Professor Tara Spires-Jones
Professor of Neurodegeneration & Deputy Director, Centre for Discovery Brain Sciences
Place of work / study:
UK Dementia Research Institute at the University of Edinburgh
Area of Research:
Neuroscience, Neurobiology of synapse degeneration
How is your work funded?
UK Dementia Research Institute Programme, European Research Council Consolidator Award, Alzheimer’s Research UK, Alzheimer’s Society
Tell us a little about yourself:
Tara Spires-Jones is Professor of Neurodegeneration at the University of Edinburgh where she is Deputy Director of the Centre for Brain Sciences and a UK Dementia Research Institute Fellow. Her research focuses on the mechanisms and reversibility of neurodegeneration in Alzheimer’s disease, other degenerative brain diseases, and ageing. Working with a vibrant group of researchers, she is trying to understand why synapses and neurons become dysfunctional and die in these diseases in order to develop effective therapeutic strategies. Her work has shown that soluble forms of the pathological proteins amyloid beta and tau contribute to synapse degeneration, and that lowering levels of these proteins can prevent and reverse phenotypes in model systems. Further, she has pioneered high-resolution imaging techniques in human post-mortem brain and found evidence that these proteins accumulate in synapses in human disease. Tara Spires-Jones has published over 100 peer reviewed papers which have been cited over 10,000 times.
Prior to moving to Scotland in 2013, Tara Spires-Jones ran a group studying Alzheimer’s disease pathogenesis with an emphasis on synaptic pathology at Massachusetts General Hospital (MGH) and Harvard Medical School, where she was Instructor from 2006-2011 and Assistant Professor from 2011-2013. She completed graduate training (MSc and DPhil) at the University of Oxford from 1999-2003, and undergraduate training at the University of Texas at Austin from 1994-1999.
In addition to her research, Prof Spires-Jones is passionate about communicating scientific findings to the public and policy makers; increasing the rigour and reproducibility in translational neuroscience; promoting inclusivity and diversity in science; and supporting career development of neuroscientists.
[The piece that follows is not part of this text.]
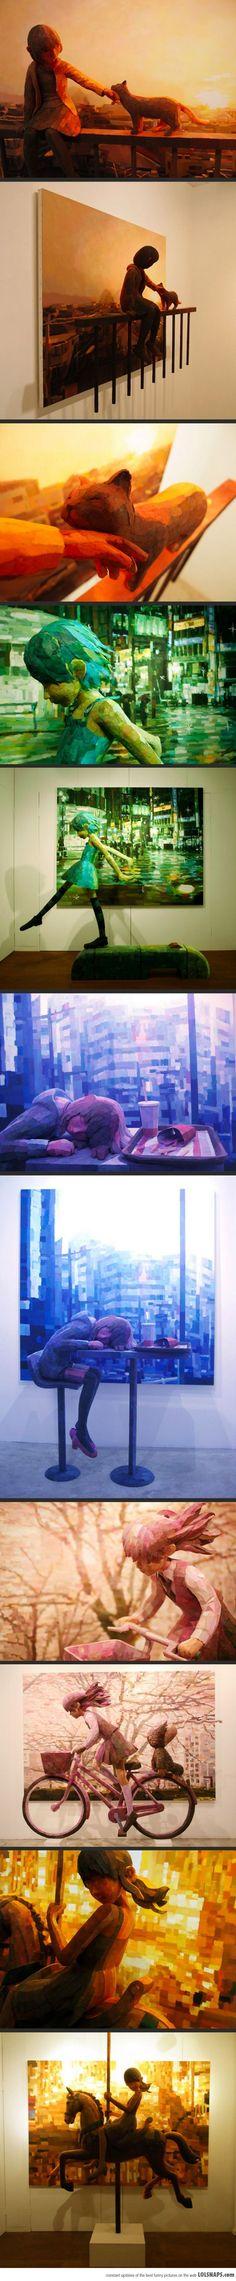 Combination of Sculpture and Canvas by Shintaro Ohata   al di là dei soggetti, notevole l'idea...

She is a founding member of the FENS-Kavli Network of Excellence, which works to promote the future of European Neuroscience. She served as a member of the Scottish Science Advisory Council from 2016-2019 advising the Scottish Government on science policy, and in 2018 was elected as a term Member of the European Dana Alliance of the Brain promoting public engagement with neuroscience
Tell us a fun fact about yourself:
I’m a massive SciFi fan and spend most of my spare time reading novels and playing with my 2 kids, dog and cat. My first job was shovelling horse manure in Texas during the summers (a very warm job).
Why did you choose to work in dementia?
I’m fascinated by how synapses function and how they go wrong in disease. I got into Alzheimer’s research because of the link between synapse loss and cognitive decline, and because I was impressed by the microscopes in my postdoc mentor’s lab (he is an Alzheimer expert), which provided an amazing way to study this.